Brokenness is "the recognition of our shattered pride without a need to glue it back together again," said Ed Litton, senior pastor of First Baptist Church, North Mobile, in Saraland.
Litton, who closed the morning session of the Southern Baptist Convention (SBC) Pastors Conference at the Indiana Convention Center in Indianapolis Monday, June 9, with an altar call for "broken" pastors, told the tragic story of losing his wife 10 months ago in a car accident. "In that instant, my life changed and I began a journey to a place I did not care to go," said Litton, who was also elected president of the 2009 pastors conference during the Monday afternoon session.
When God leads us to such a place, He forces us to face our deepest fear but restores us in ways we cannot imagine to prepare us for significant ministry, Litton said, preaching from Psalm 23.
"Some of you are facing the worst fear of your life. And some of you are on the verge of the greatest movement of God in the history of your life, your ministry and your church," he said. "God doesn’t call complete, fully contained, self-actualized people who have it together — He calls the broken."
George Harris, pastor of First Baptist Church, Kerrville, Texas, said brokenness isn’t sought or caught. Instead it’s "a process that God takes us through in order to get us to hear Him."
Hayes Wicker, senior pastor of First Baptist Church, Naples, Fla., added that brokenness does not come without a struggle. "God wrestles with us to bring blessedness from brokenness."
Preaching from Genesis 32:24–31 and describing Jacob’s struggle with God, Wicker explained that brokenness leads to blessings, awareness, change, a supreme Christ and a strong faith that comes from desperation.

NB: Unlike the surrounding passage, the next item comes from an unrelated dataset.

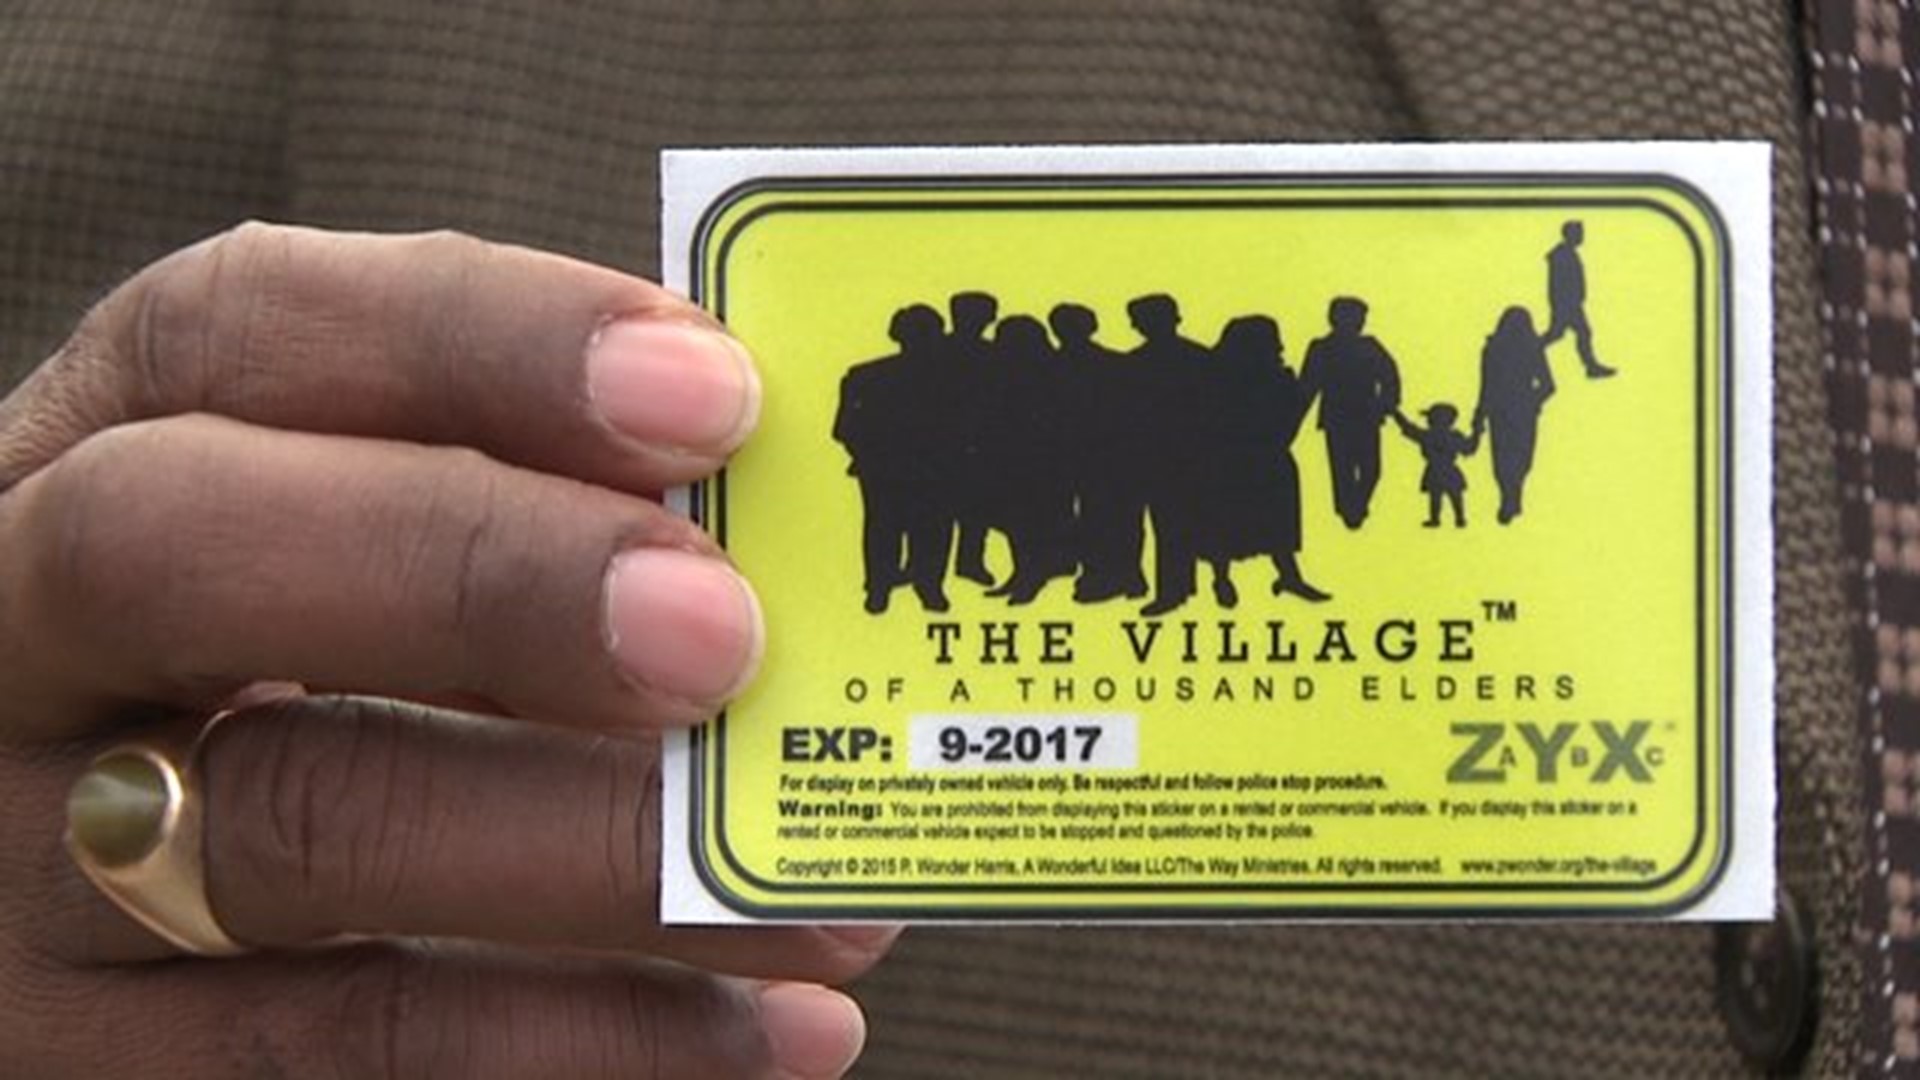 Community organization hopes stickers ease police tensions

Alan Day, senior pastor of First Baptist Church, Edmond, Okla., said it is important that being wounded not be mistaken for brokenness. "Most of us have been through breaking, but I don’t know if most of us have been through broken," he said. "God wants to do something in your church. He is only going to do it when pastors become broken men" and allow God to fill them with Himself.
During the Sunday evening session, speakers urged pastors to renew their commitment to prayer and get their own spiritual lives in order.
Tom Elliff, the International Mission Board’s senior vice president for spiritual nurture and church relations, used a familiar analogy from his native Oklahoma to describe what can happen even to pastors who fail to address sin in their own lives.
Describing the "fallow ground" that original settlers found on the Oklahoma plains as almost impenetrable, Elliff told the pastors, "If you are willing to embrace what God would do to break up the fallow ground of your heart for revival, I am going to ask you to come and join me for a time of prayer right here at what we are going to call an altar."
In Oklahoma, Sooners and Boomers looked across the land and thought "instant farm" as they anticipated the rush to stake their claims to the land, he said. But they discovered the ground, matted down with prairie grass, often was so hard it had to be broken up with an ax.
Like Oklahoma sod, the hearts of pastors can be marked by hardness, become impervious to God’s Word, show stubborn resistance, be unfruitful and remain asleep through every season, Elliff warned.
"A heart like fallow ground will take a lot of effort," he said. "What’s God going to have to do to get our attention?"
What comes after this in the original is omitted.